Prevalence of fungal DNAemia mediated by putatively non-pathogenic fungi in immunocompromised patients with febrile neutropenia: a prospective cohort study

• Authors: LUCINI Chantal; OBROVA Klara; KRICKL Isabella; NOGUEIRA Filomena; KOCMANOVA Iva; HERNDLHOFER Susanne; GLEIXNER Karoline V; SPERR Wolfgang R; FRANK Tijana; ANDRADE Nuno; PETERS Christina; ENGSTLER Gernot; DWORZAK Michael; ATTARBASCHI Andishe; VAN GROTEL Martine; VAN DEN HEUVEL-EIBRINK Marry M; MOISEEV Ivan S; ROGACHEVA Yuliya; ZUBAROVSKAYA Ludmilla; ZUBAROVSKAYA Natalia; PICHLER Herbert; LAWITSCHKA Anita; KOLLER Elisabeth; KEIL Felix; MAYER Jiří; WEINBERGEROVÁ Barbora; VALENT Peter; LION Thomas
• Year of publication: 2024
• Type: Article in Periodical
• MU Faculty or unit: Faculty of Medicine
• Web: https://jhoonline.biomedcentral.com/articles/10.1186/s13045-024-01583-0
• Doi: http://dx.doi.org/10.1186/s13045-024-01583-0
• Keywords: Invasive fungal disease; panfungal-PCR; Fungal diagnostic; Antifungal therapy; Antifungal treatment
• Description: Invasive fungal disease (IFD) presents a life-threatening condition in immunocompromised patients, thus often prompting empirical administration of antifungal treatment, without adequate mycological evidence.

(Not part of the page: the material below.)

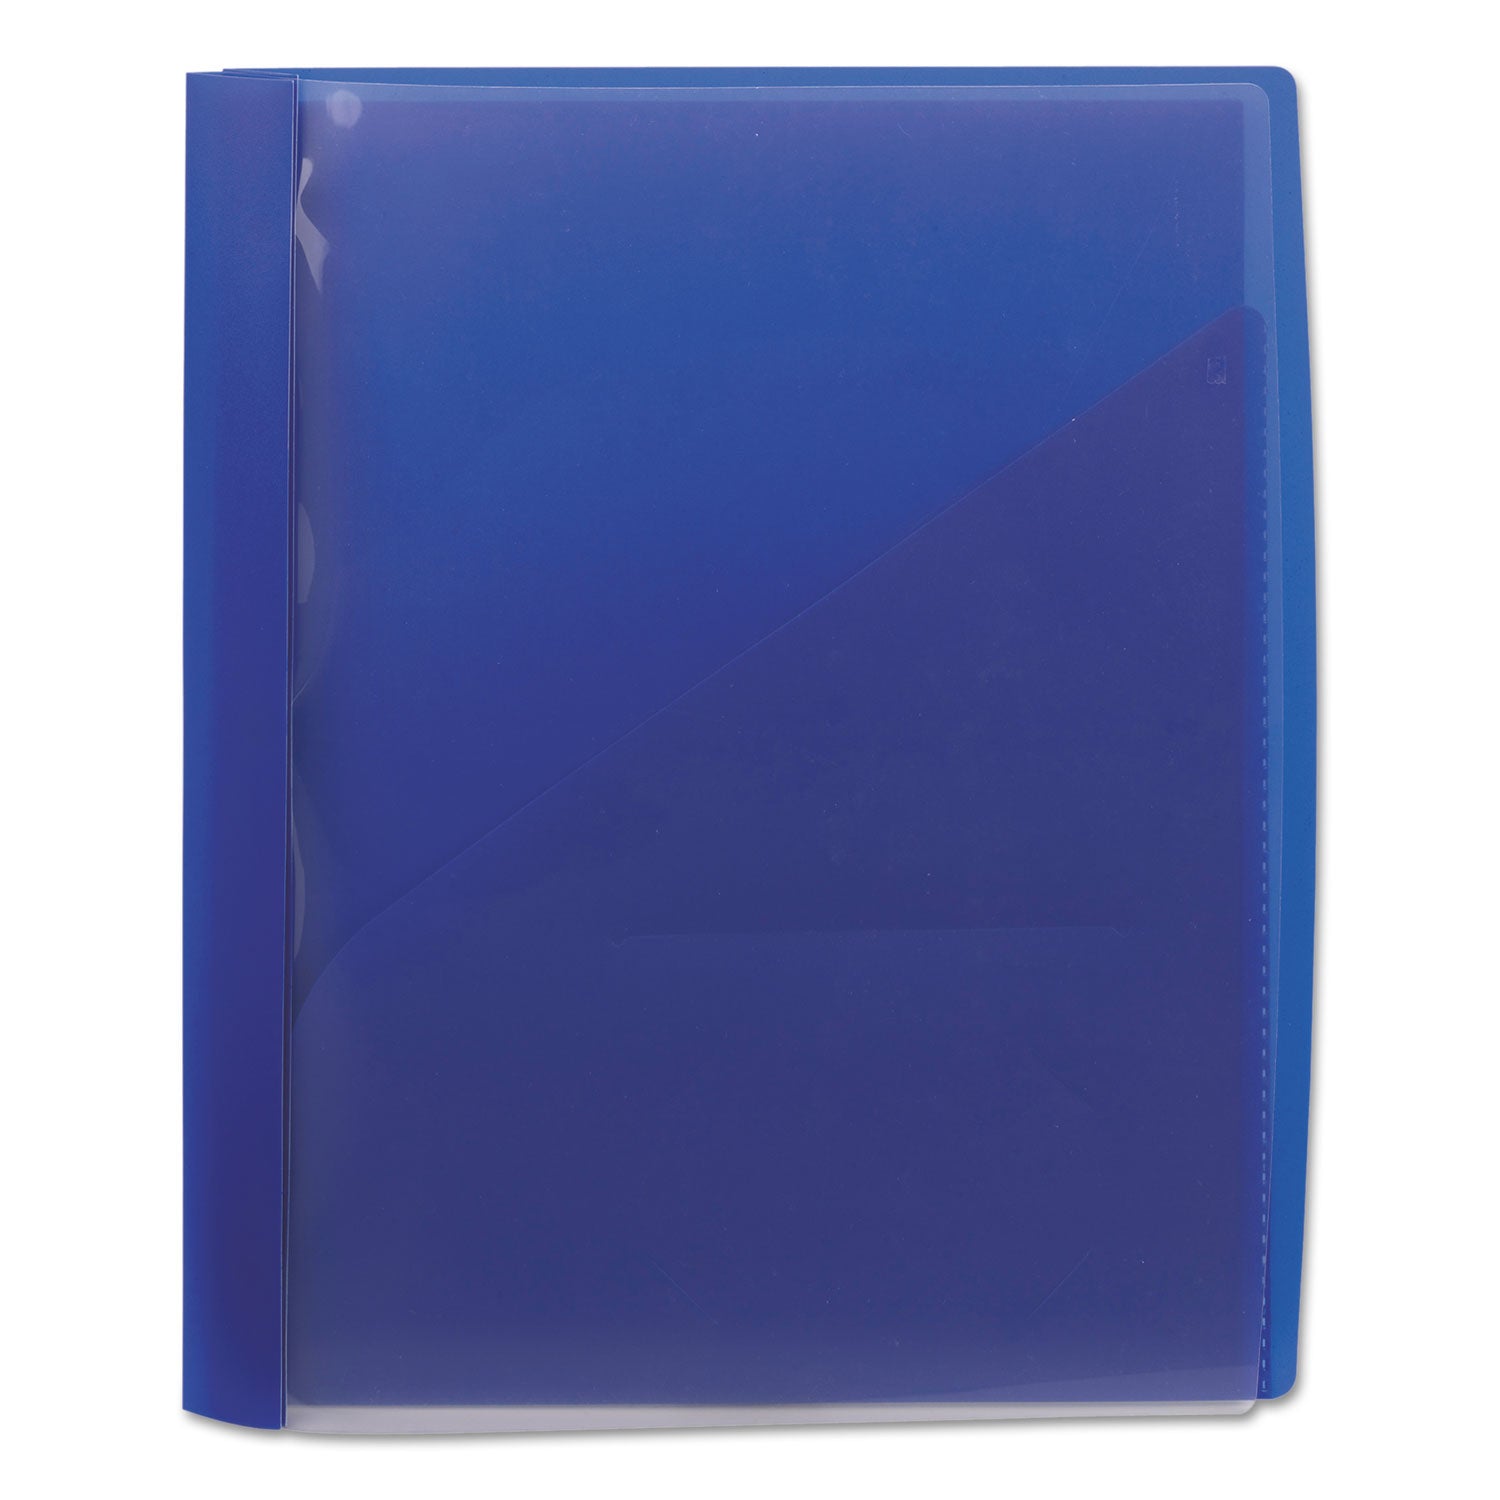 Clear Front Poly Report Cover, Double-Prong Fastener, 0.5" Capacity, 8.5 x 11, Clear/Blue, 5/Pack -

Over the past years, wide use of antifungal prophylaxis resulted in decreased occurrence of IFD but has contributed to changes in the spectrum of fungal pathogens, revealing the occurrence of previously rare fungal genera causing breakthrough infections. The expanding spectrum of clinically relevant fungal pathogens required the implementation of screening approaches permitting broad rather than targeted fungus detection to support timely onset of pre-emptive antifungal treatment. To address this diagnostically important aspect in a prospective setting, we analyzed 935 serial peripheral blood (PB) samples from 195 pediatric and adult patients at high risk for IFD, involving individuals displaying febrile neutropenia during treatment of hematological malignancies or following allogeneic hematopoietic stem cell transplantation. Two different panfungal-PCR-screening methods combined with ensuing fungal genus identification by Sanger sequencing were employed. In the great majority of PB-specimens displaying fungal DNAemia, the findings were transient and revealed fungi commonly regarded as non-pathogenic or rarely pathogenic even in the highly immunocompromised patient setting. Hence, to adequately exploit the diagnostic potential of panfungal-PCR approaches for detecting IFD, particularly if caused by hitherto rarely observed fungal pathogens, it is necessary to confirm the findings by repeated testing and to identify the fungal genus present by ensuing analysis. If applied appropriately, panfungal-PCR-screening can help prevent unnecessary empirical therapy, and conversely, contribute to timely employment of effective pre-emptive antifungal treatment strategies.